# Rust on trailer



## kitten_Val (Apr 25, 2007)

I got some rusting on front of the trailer (on frame). So my question is how to deal with it? I was told I have to re-paint whole trailer, but everything else is in good shape, so I don't feel like re-painting it (will be expensive too).


----------



## dragy (Jun 30, 2010)

how big of a spot? and how far rusted is it? Like is almost rusted all the way through? or is it just surface rust? Is it on the frame only, or is it on the metal sheeting too?


----------



## kitten_Val (Apr 25, 2007)

dragy said:


> how big of a spot? and how far rusted is it? Like is almost rusted all the way through? or is it just surface rust? Is it on the frame only, or is it on the metal sheeting too?
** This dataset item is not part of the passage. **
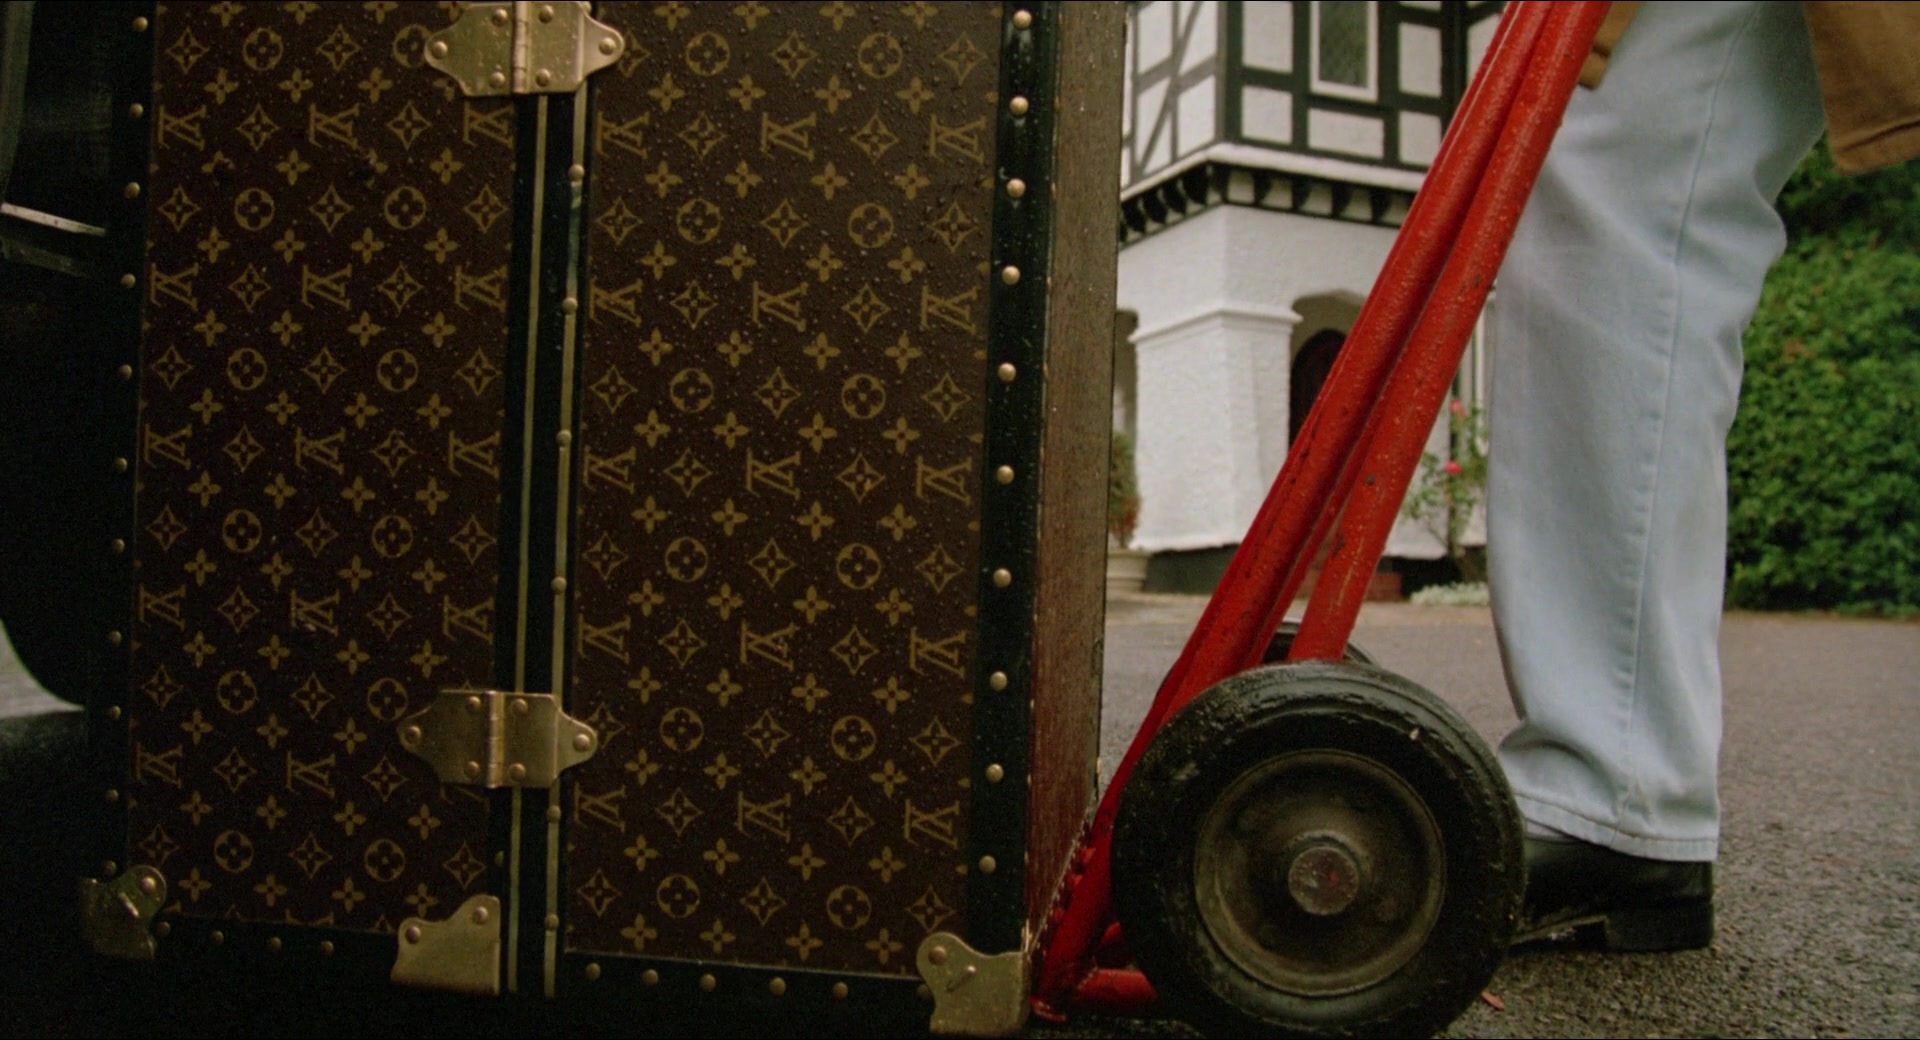 Louis Vuitton Luggage And Bags In The Witches (1990)

It's just a surface. Some on frame and some on sides. Not really huge spots - may be the size of the palm at the most.


----------



## Saddlebag (Jan 17, 2011)

Take a wire brush to those areas, wipe with paint thinner to clean and paint with Tremclad or Rustoleum. Don't get water base, you need the oil base. Both use fish oil which is excellent for inhibiting rust.


----------



## kitten_Val (Apr 25, 2007)

Saddlebag said:


> Take a wire brush to those areas, wipe with paint thinner to clean and paint with Tremclad or Rustoleum. Don't get water base, you need the oil base. Both use fish oil which is excellent for inhibiting rust.


Thank you! Will do when it'll be little more warm here.


----------